=== PROVIDED DATA ===

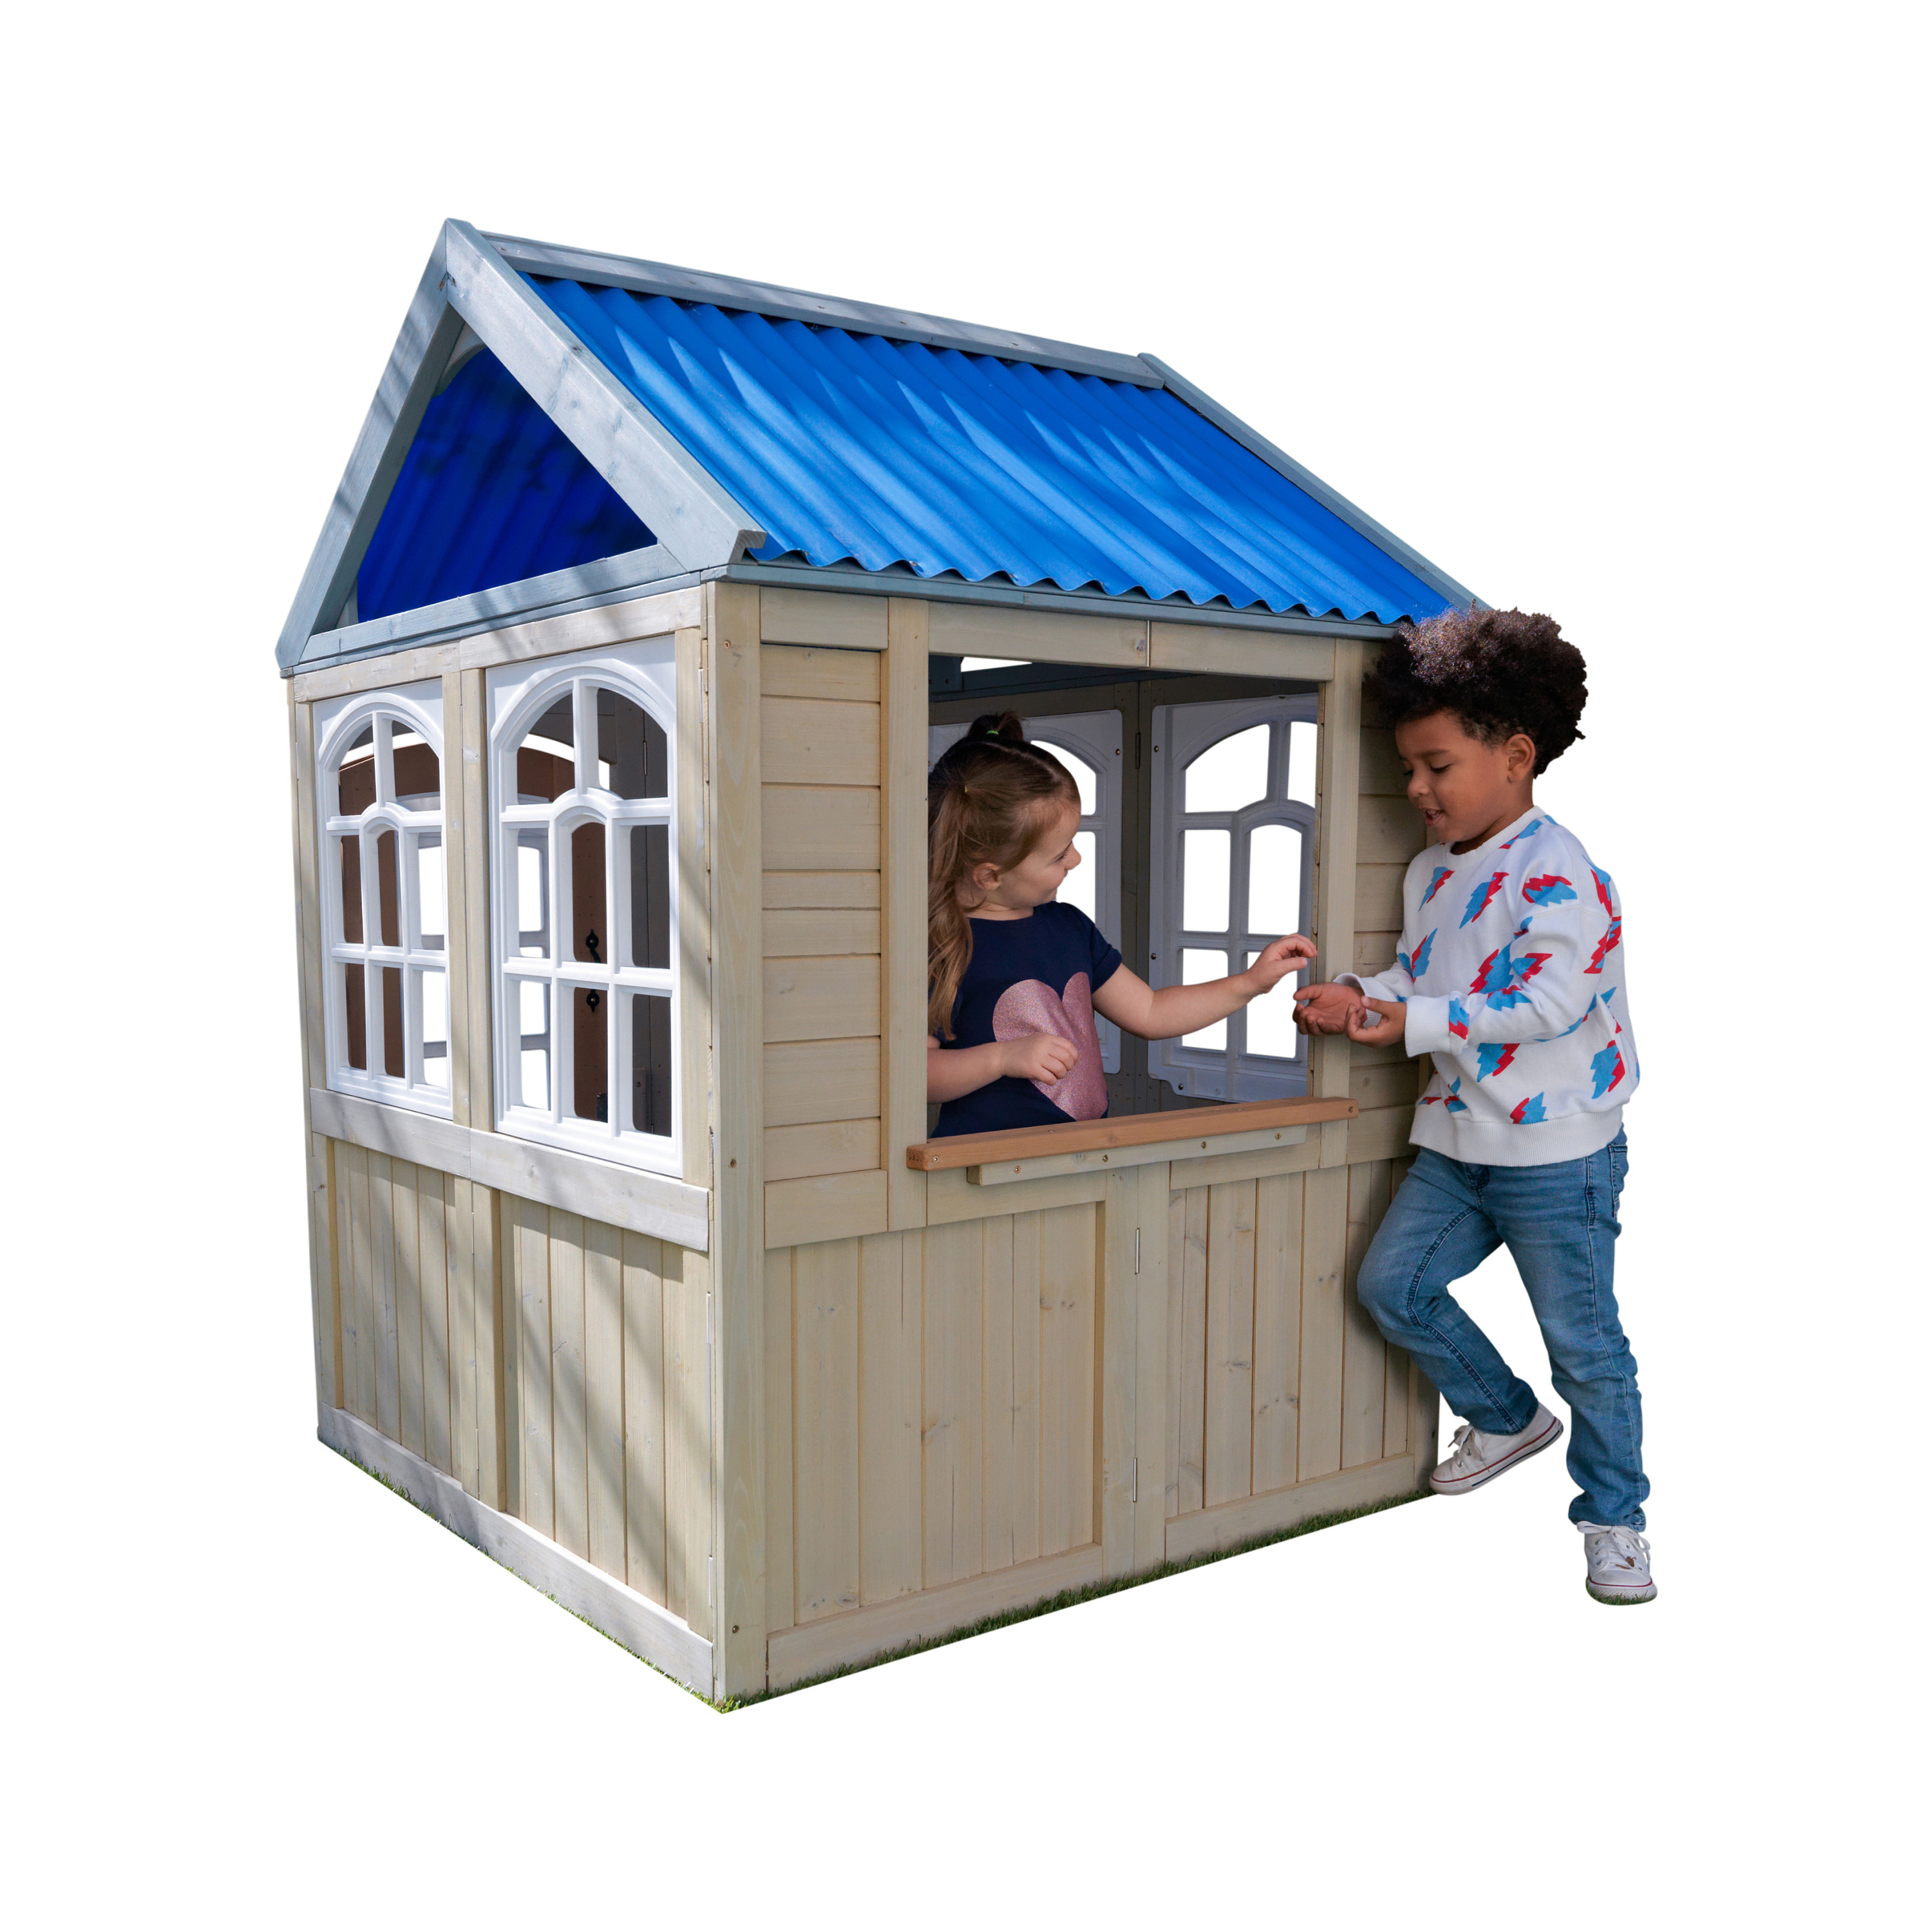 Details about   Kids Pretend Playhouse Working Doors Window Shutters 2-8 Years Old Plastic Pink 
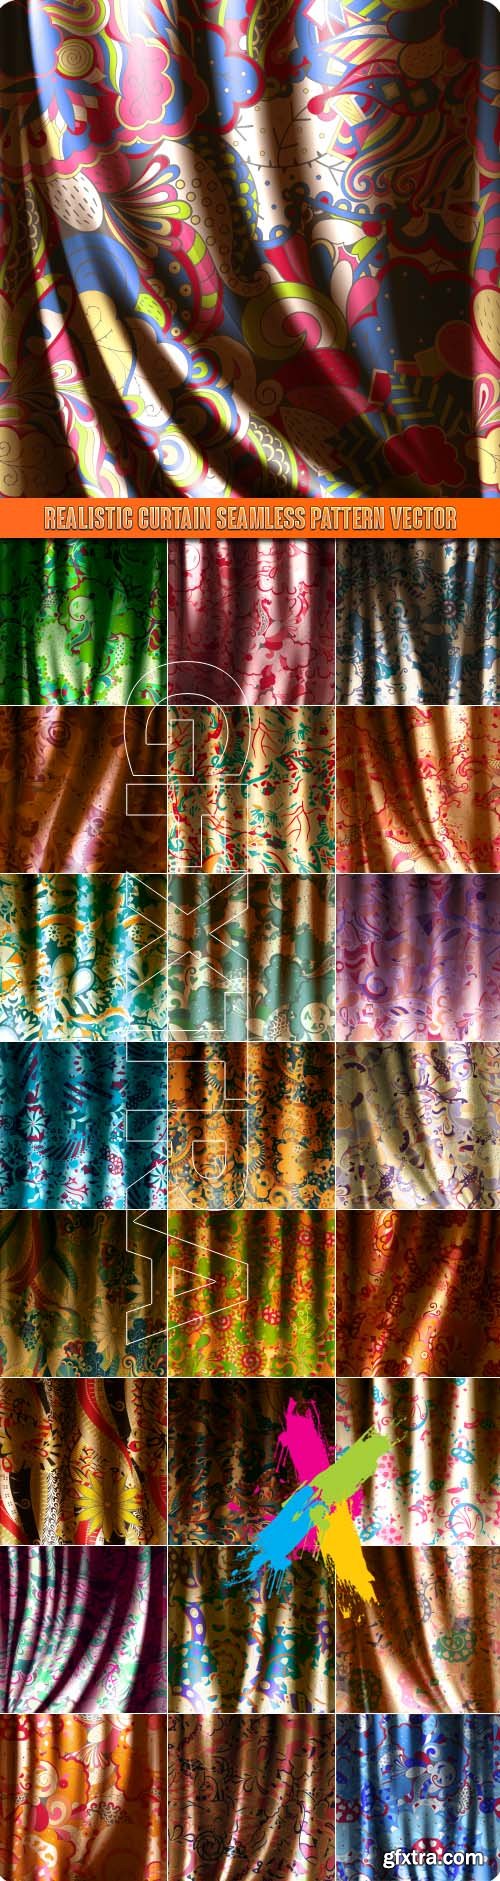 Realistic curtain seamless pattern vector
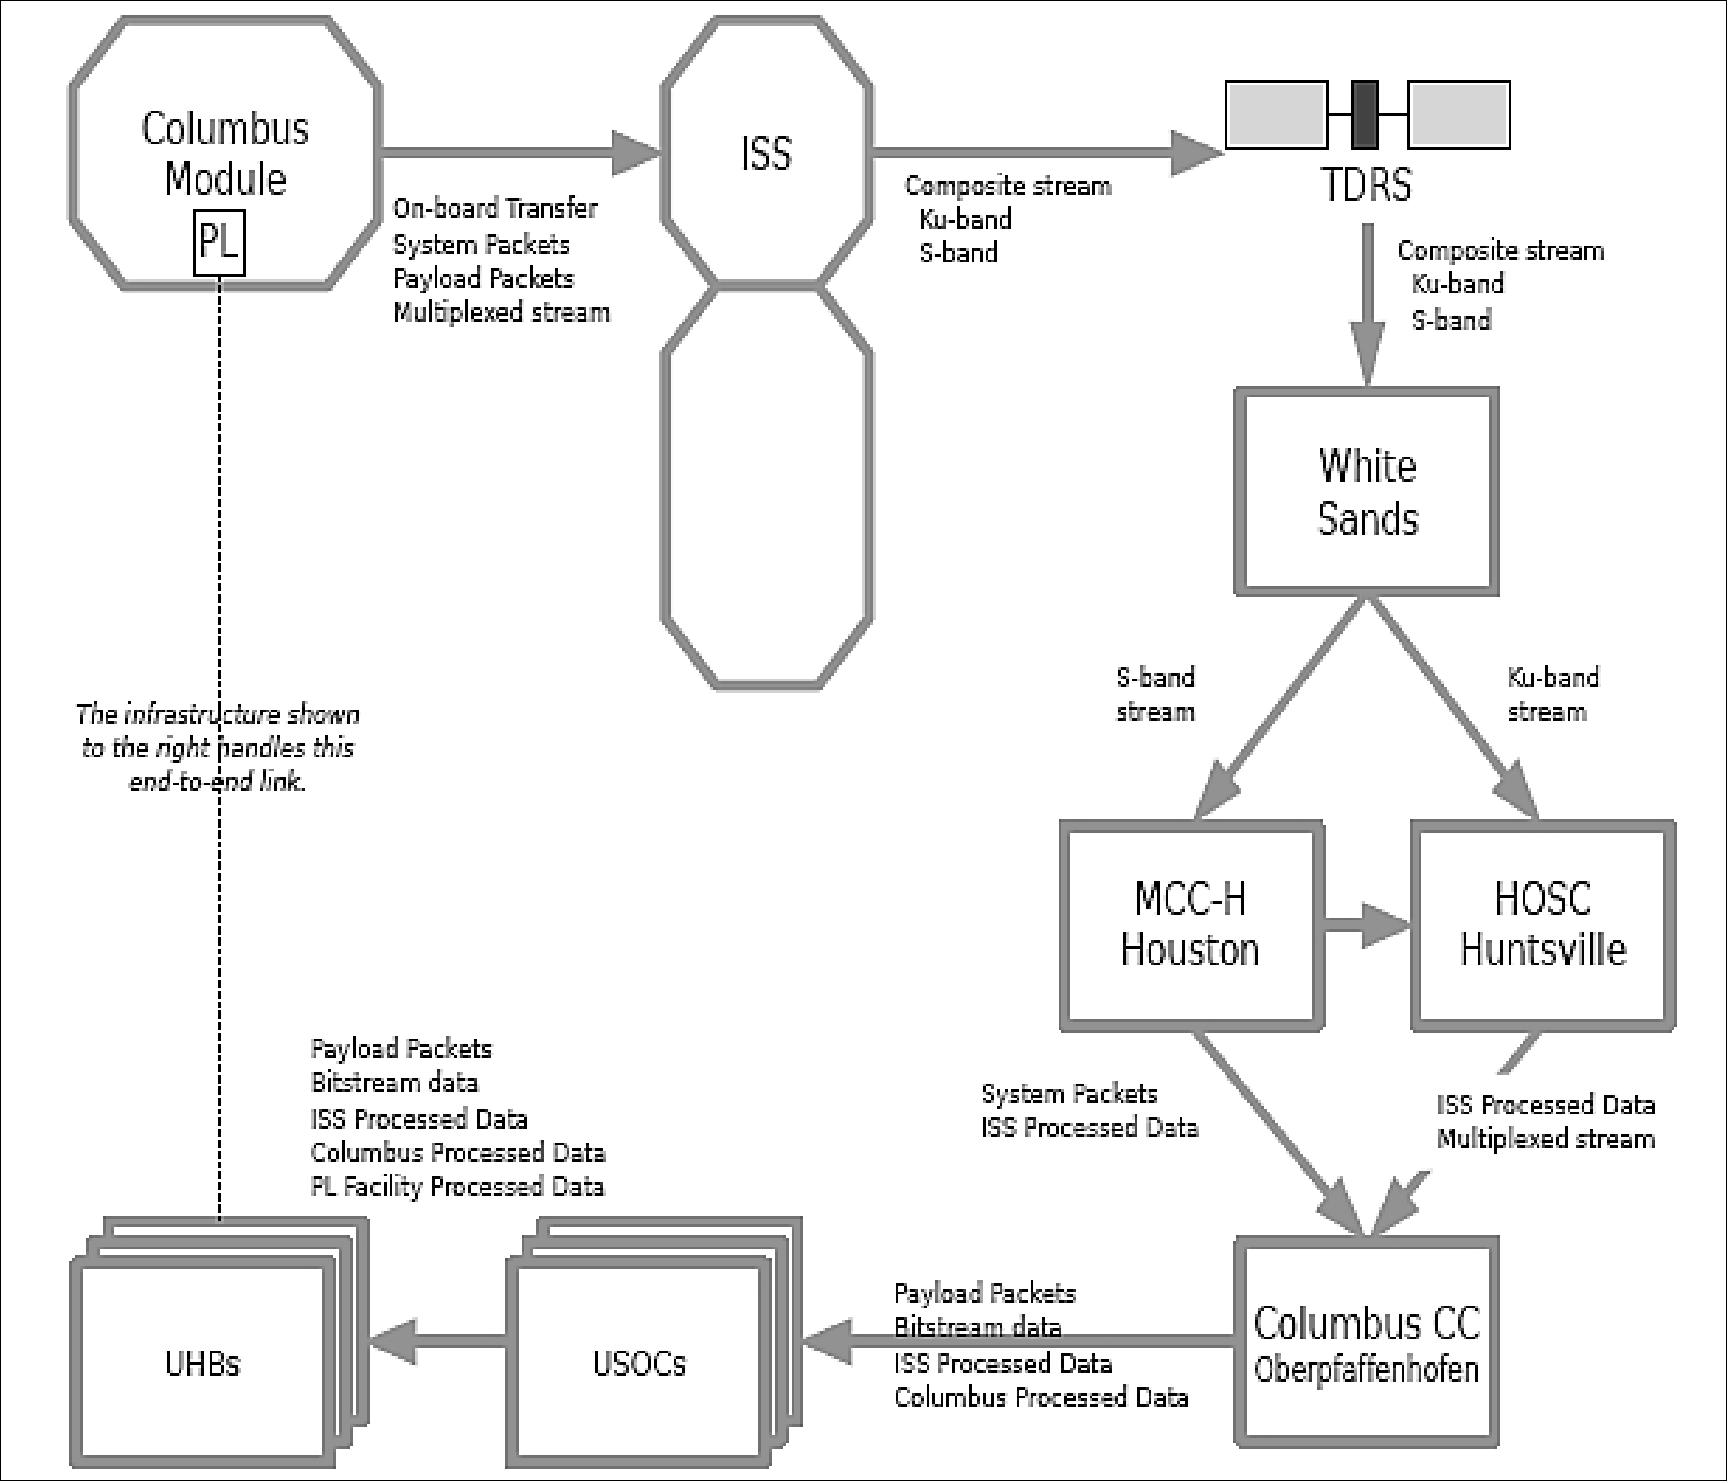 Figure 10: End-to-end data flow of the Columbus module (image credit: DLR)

===

- _TASK GOAL_:
Output all of the listing above, exactly as given, but without its pictures.

- _EXERCISE RESULT_:
 Details about   Kids Pretend Playhouse Working Doors Window Shutters 2-8 Years Old Plastic Pink 
 Realistic curtain seamless pattern vector
 Figure 10: End-to-end data flow of the Columbus module (image credit: DLR)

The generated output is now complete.